• [Your assignment]
Word for word, restate the listing that follows and leave out the images.

• [Data block]
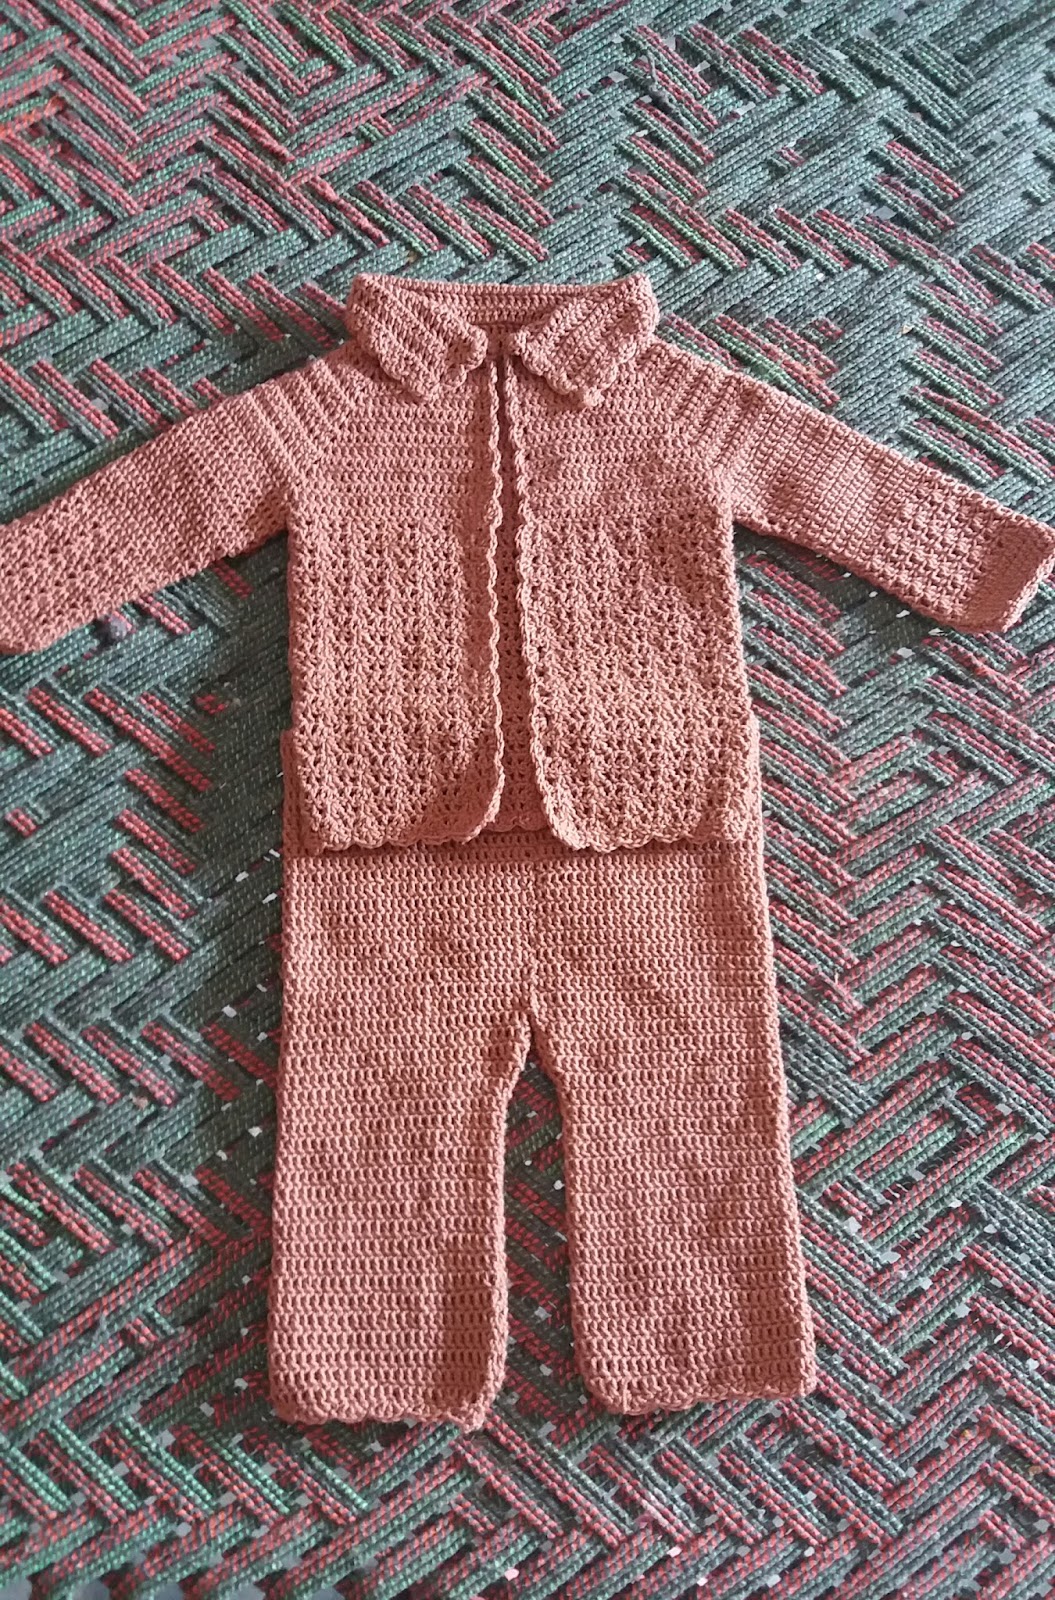 Crochet baby boy dress free pattern ⋆ Crochet Kingdom
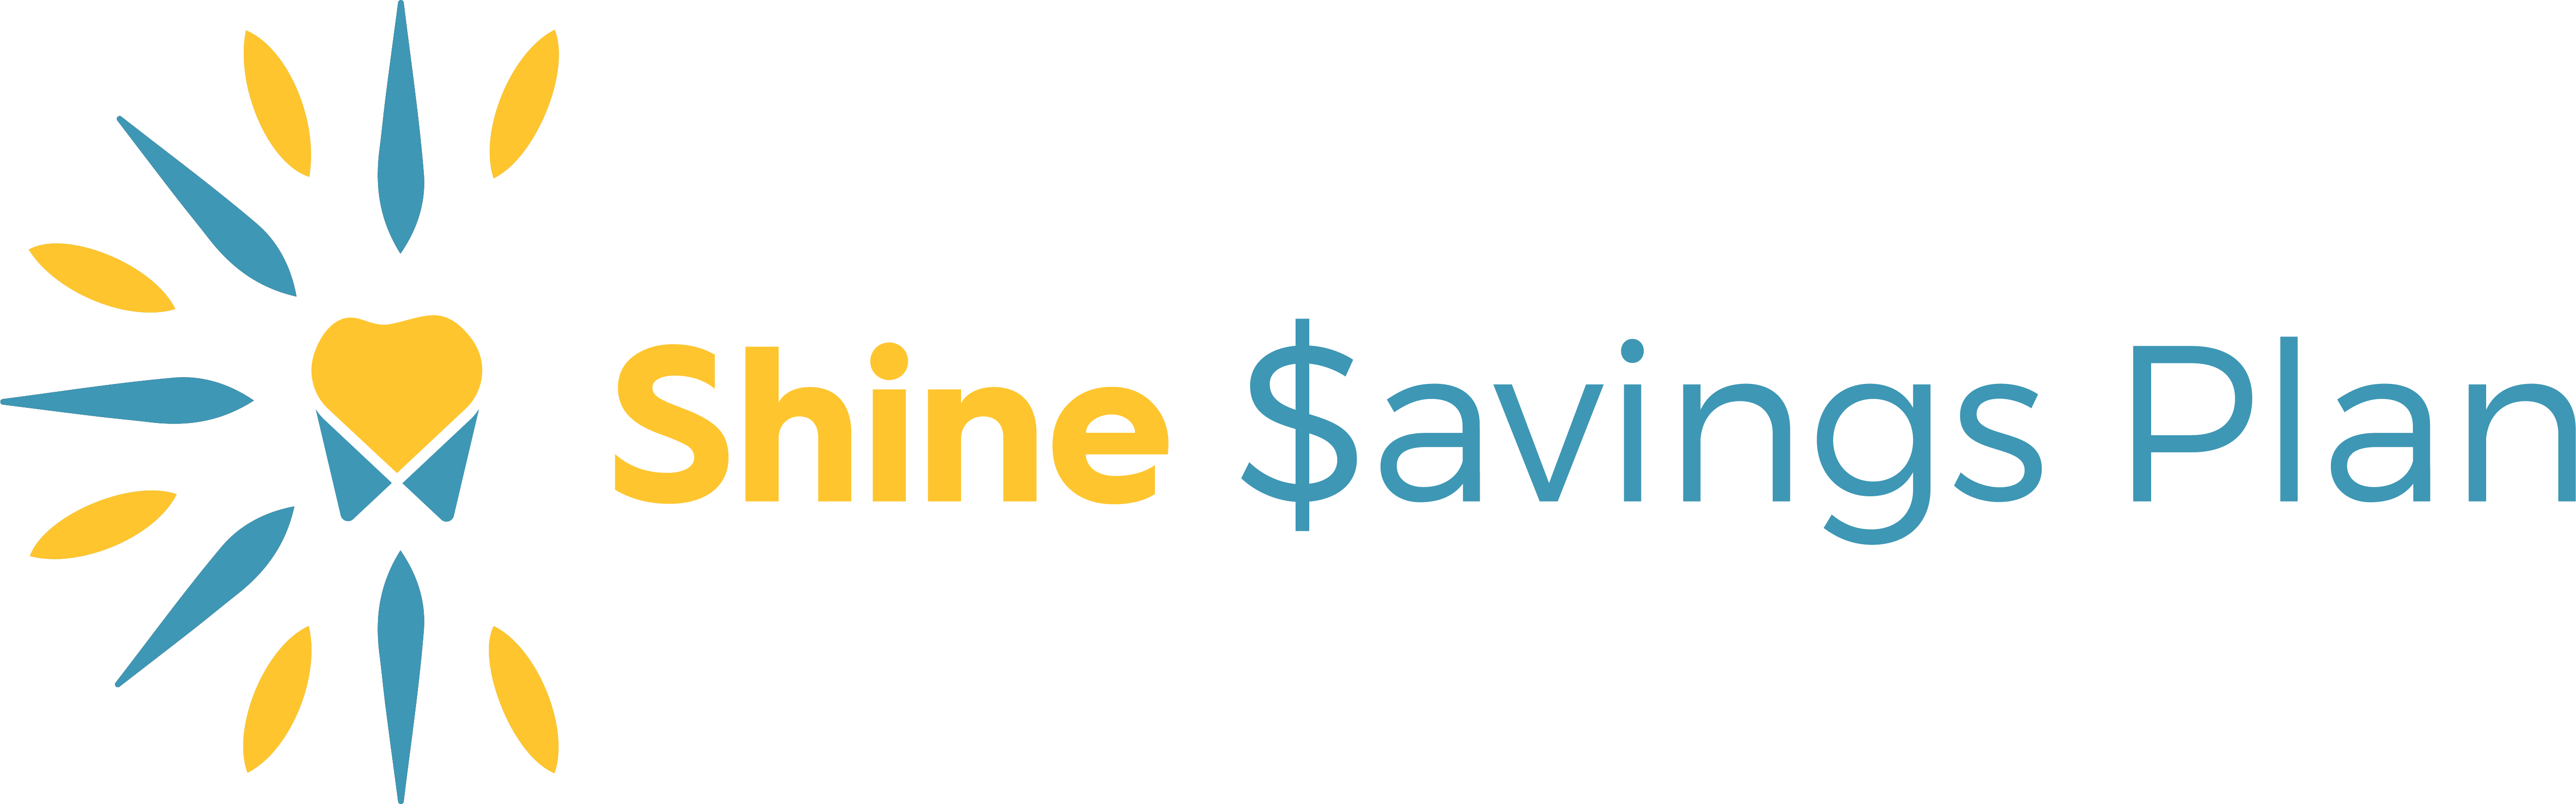 shine savings plan logo
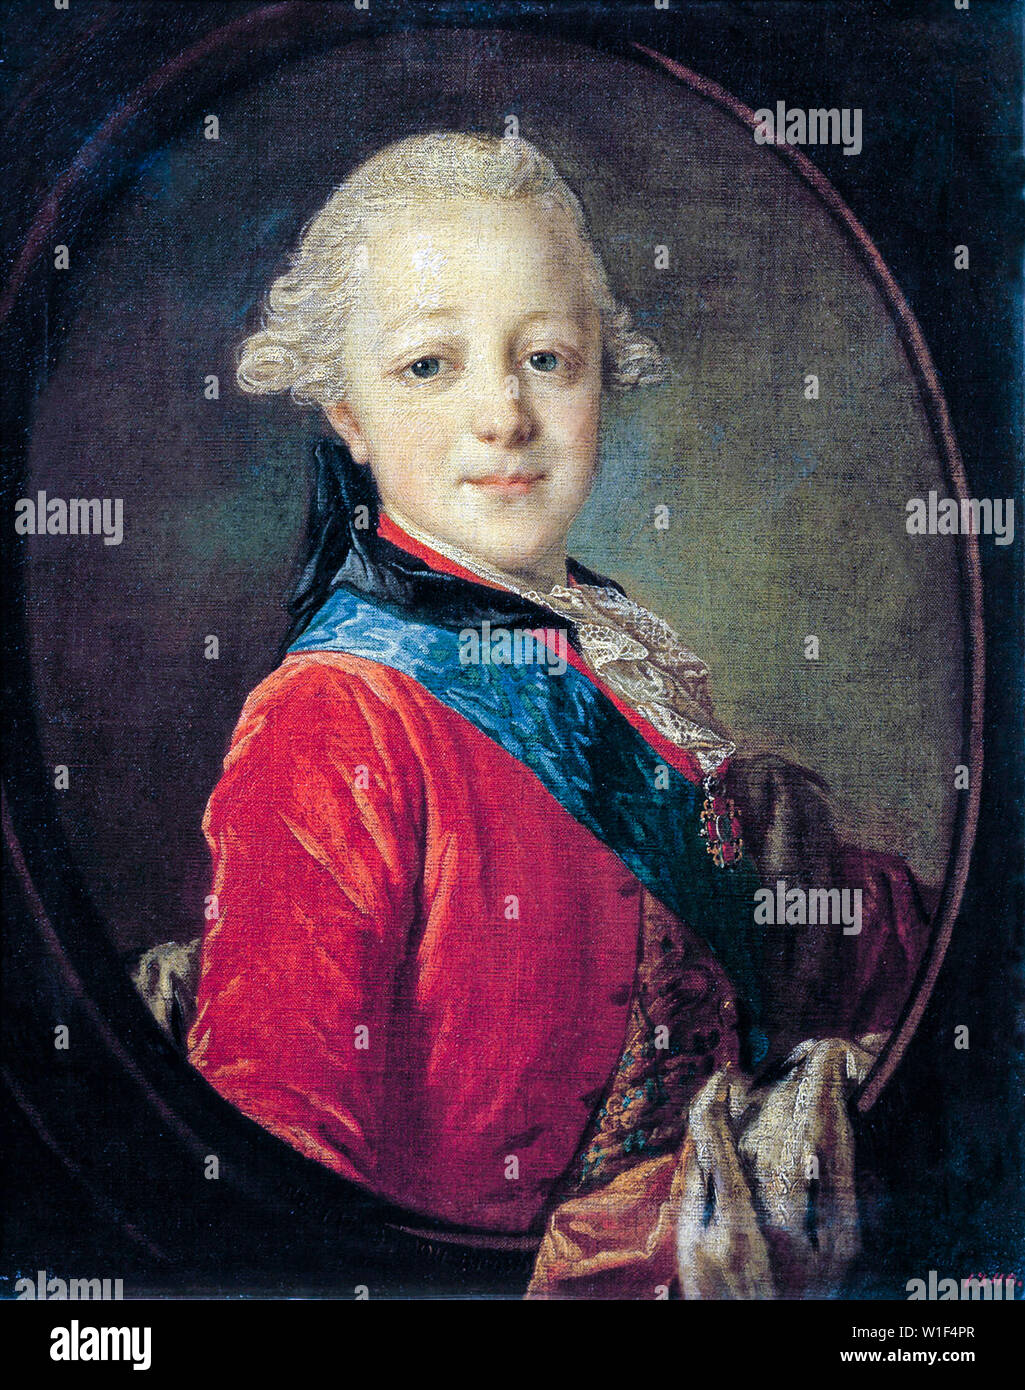 L'empereur Paul I de Russie (1754-1801) comme enfant, portrait peint par Fyodor Rokotov, 1761 Banque D'Images

• [Expected output]
 Crochet baby boy dress free pattern ⋆ Crochet Kingdom
 shine savings plan logo
 L'empereur Paul I de Russie (1754-1801) comme enfant, portrait peint par Fyodor Rokotov, 1761 Banque D'Images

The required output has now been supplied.